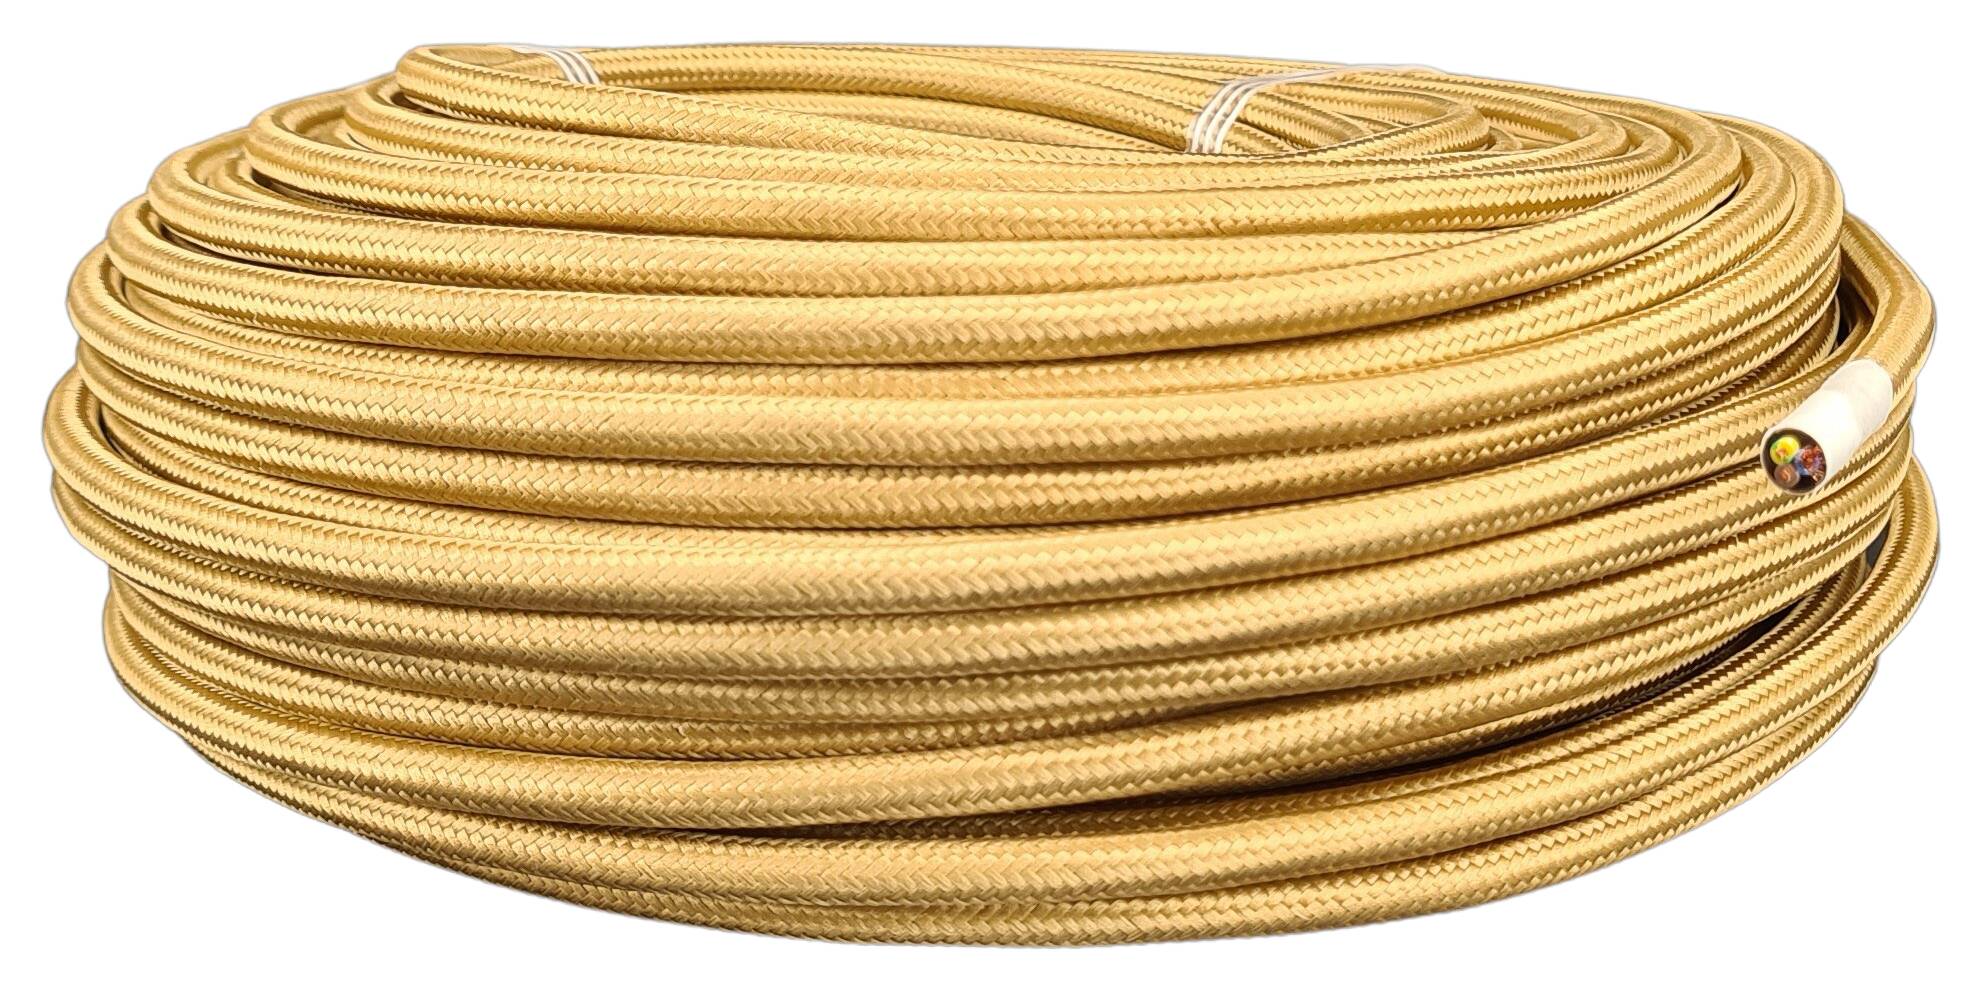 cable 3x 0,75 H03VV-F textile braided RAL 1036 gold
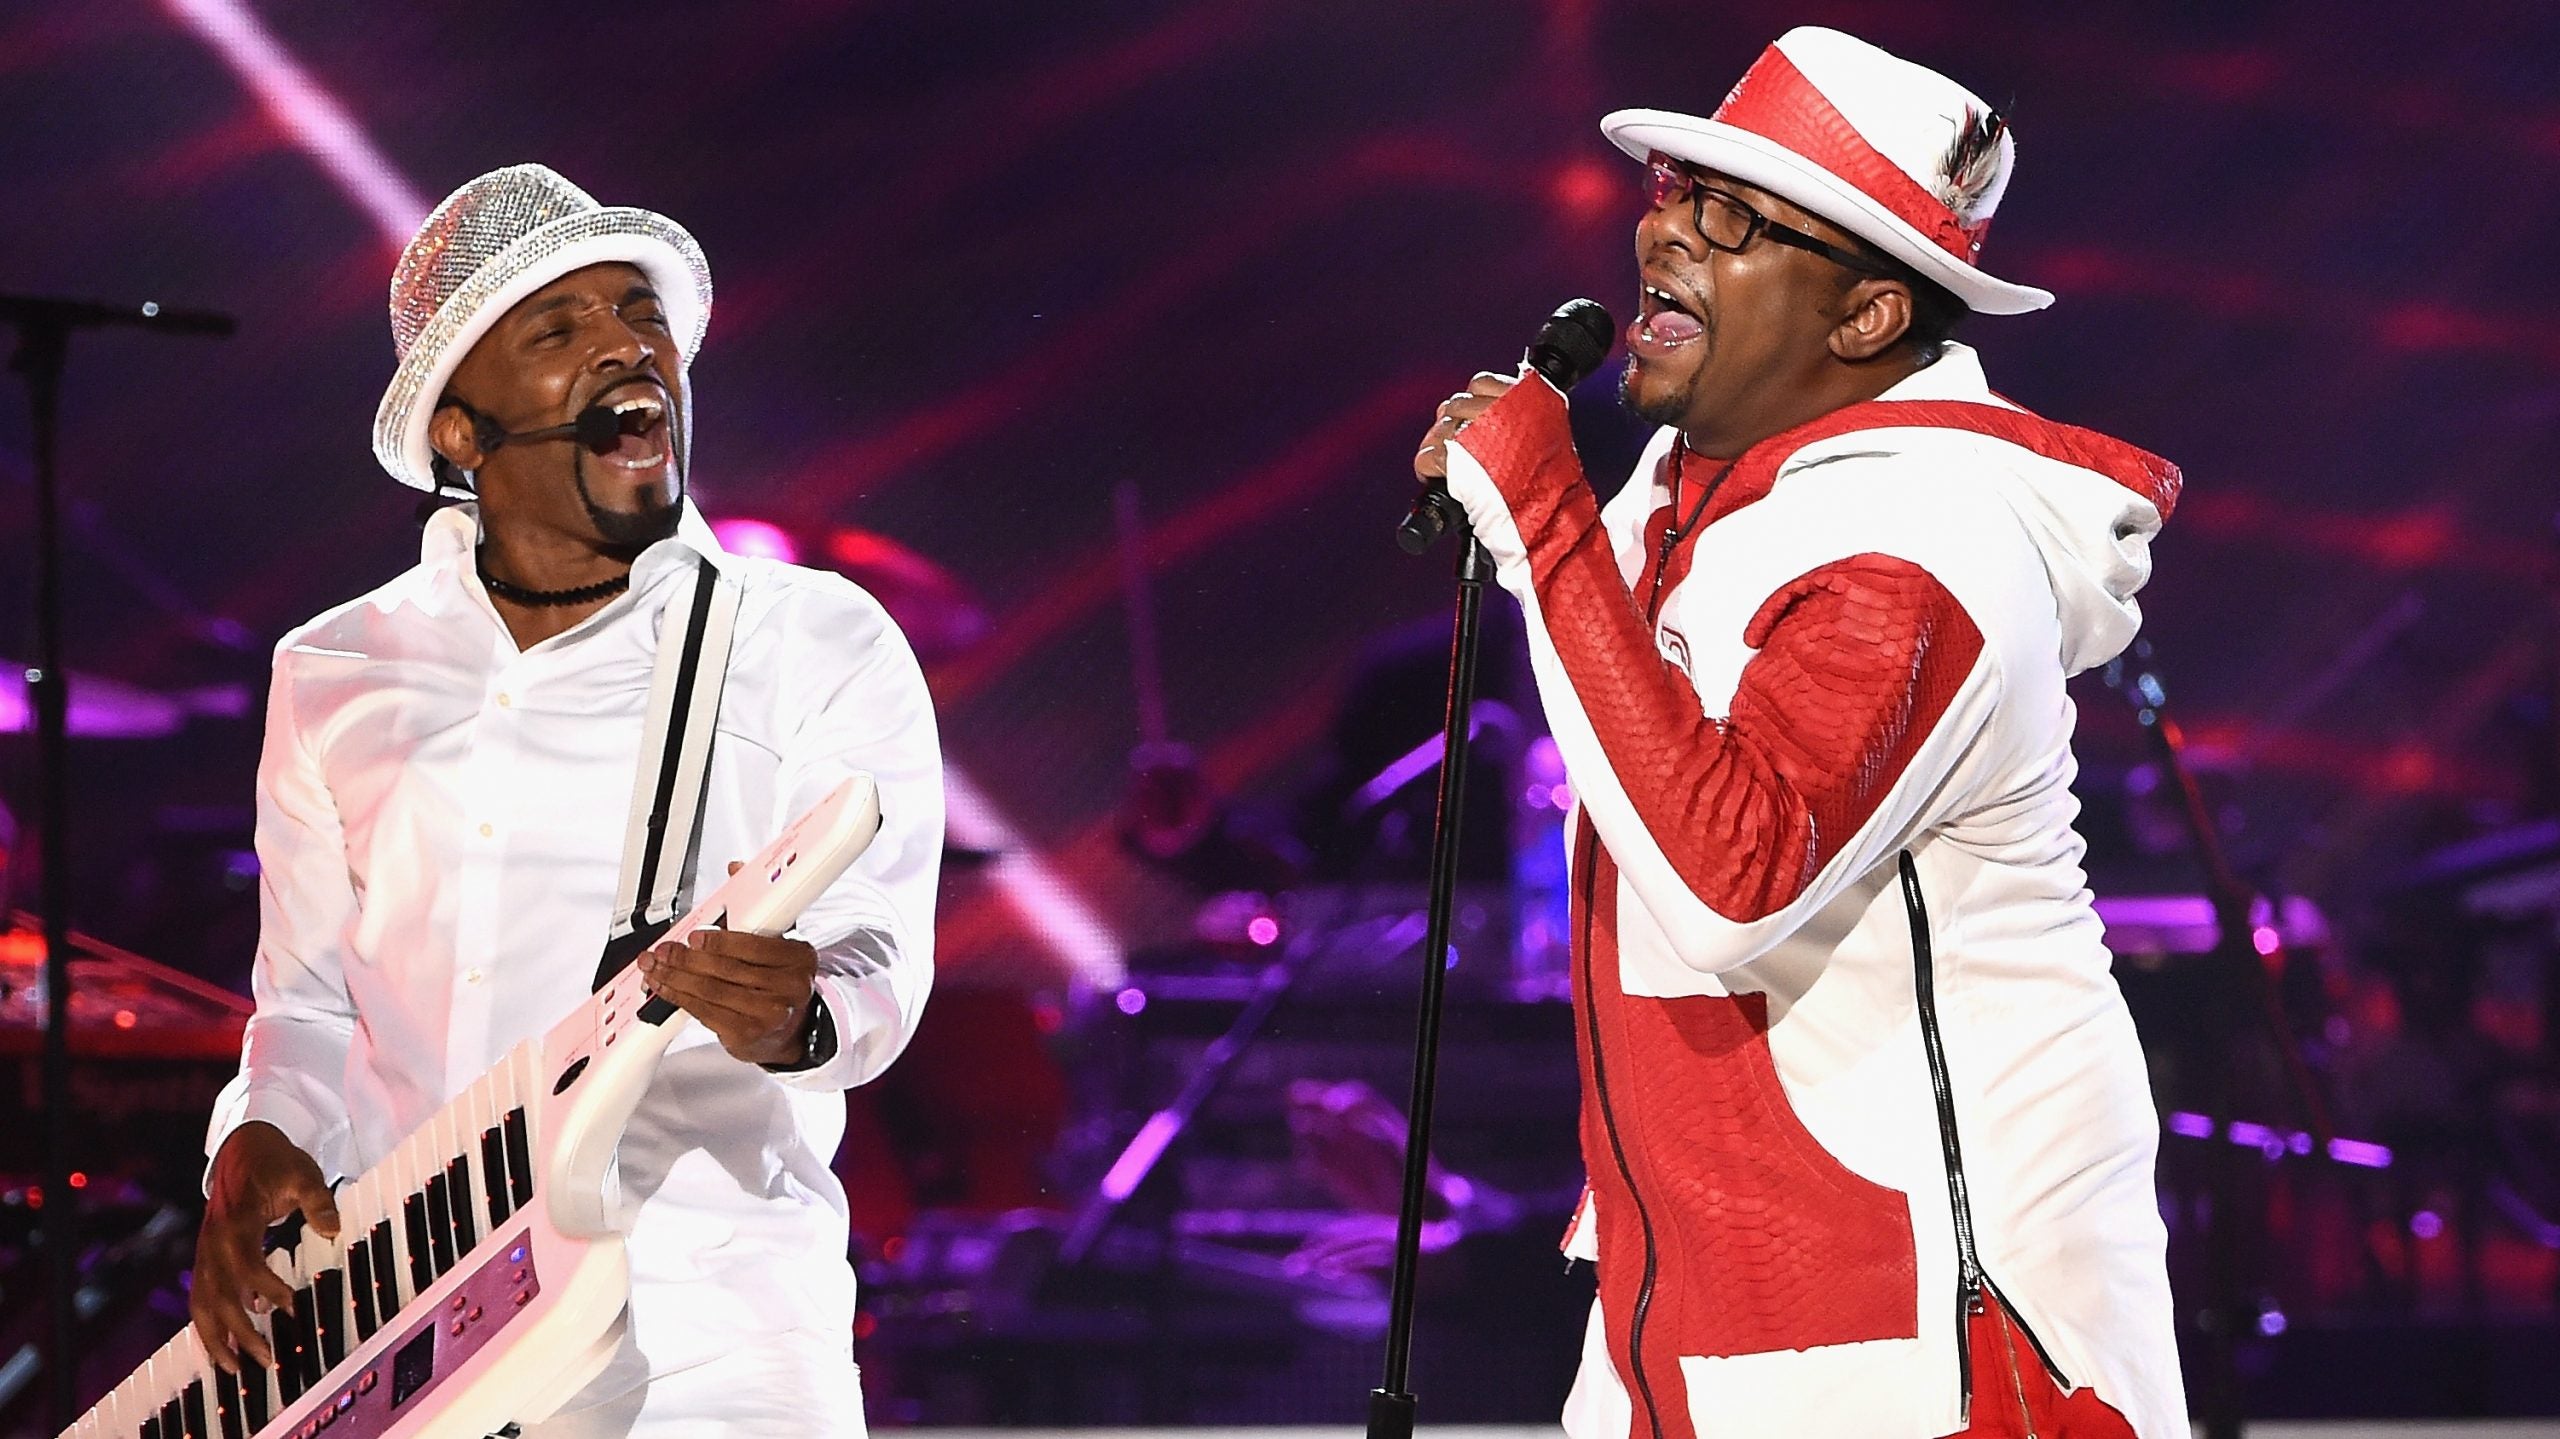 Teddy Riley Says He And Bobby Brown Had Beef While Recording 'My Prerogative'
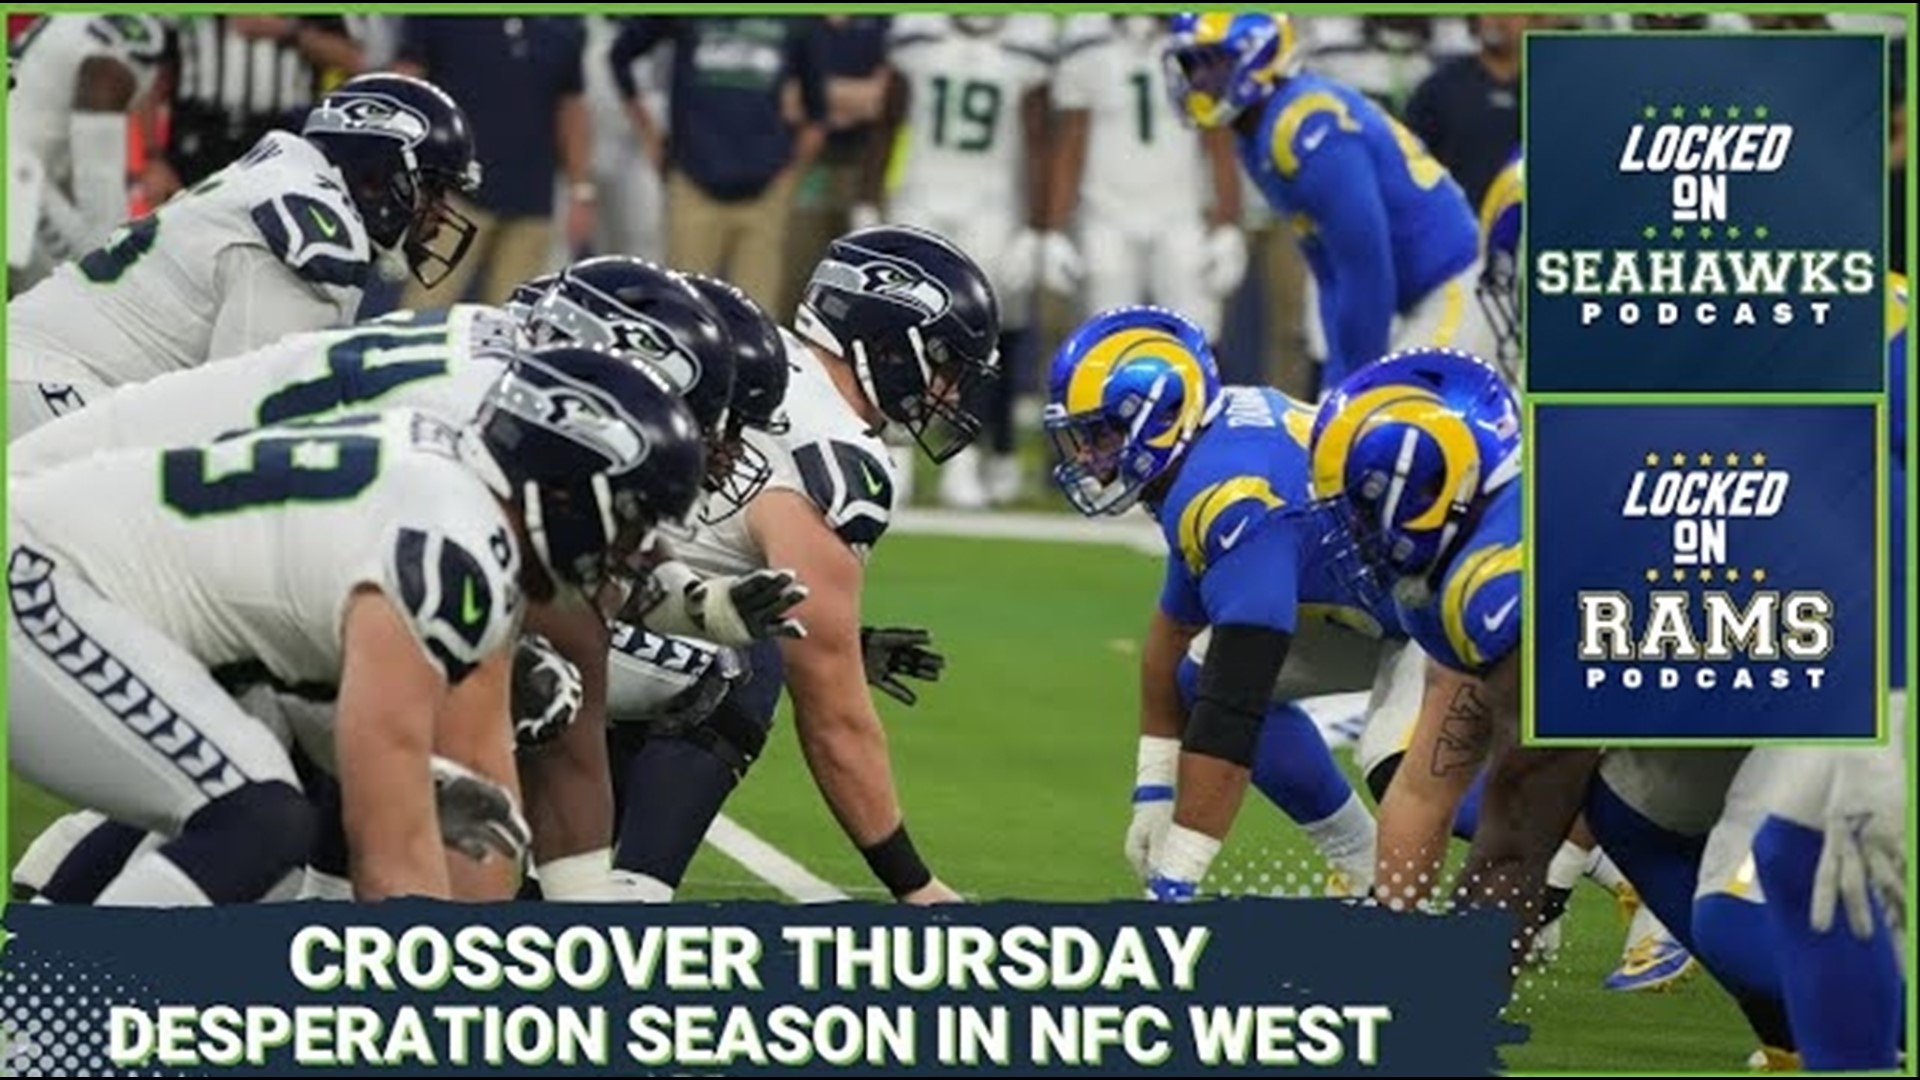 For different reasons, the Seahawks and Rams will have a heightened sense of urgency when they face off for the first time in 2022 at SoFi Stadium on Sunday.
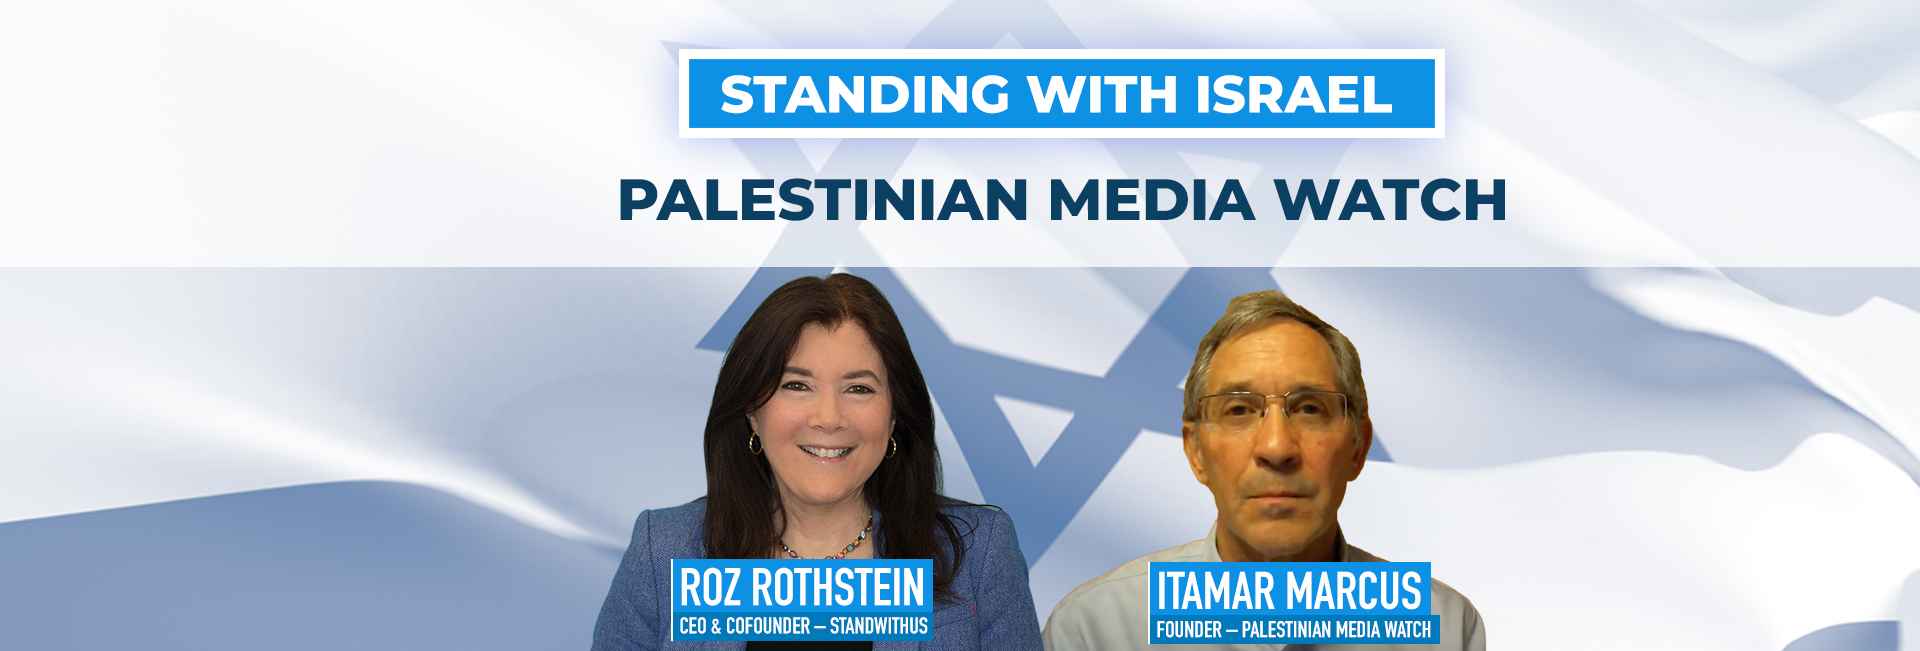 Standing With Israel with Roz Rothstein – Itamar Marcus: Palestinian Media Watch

■ **EXERCISE**
Could you output the entire listing verbatim while omitting its pictures?

■ **REPLY**
 cable 3x 0,75 H03VV-F textile braided RAL 1036 gold
 Teddy Riley Says He And Bobby Brown Had Beef While Recording 'My Prerogative'
 For different reasons, the Seahawks and Rams will have a heightened sense of urgency when they face off for the first time in 2022 at SoFi Stadium on Sunday.
 Standing With Israel with Roz Rothstein – Itamar Marcus: Palestinian Media Watch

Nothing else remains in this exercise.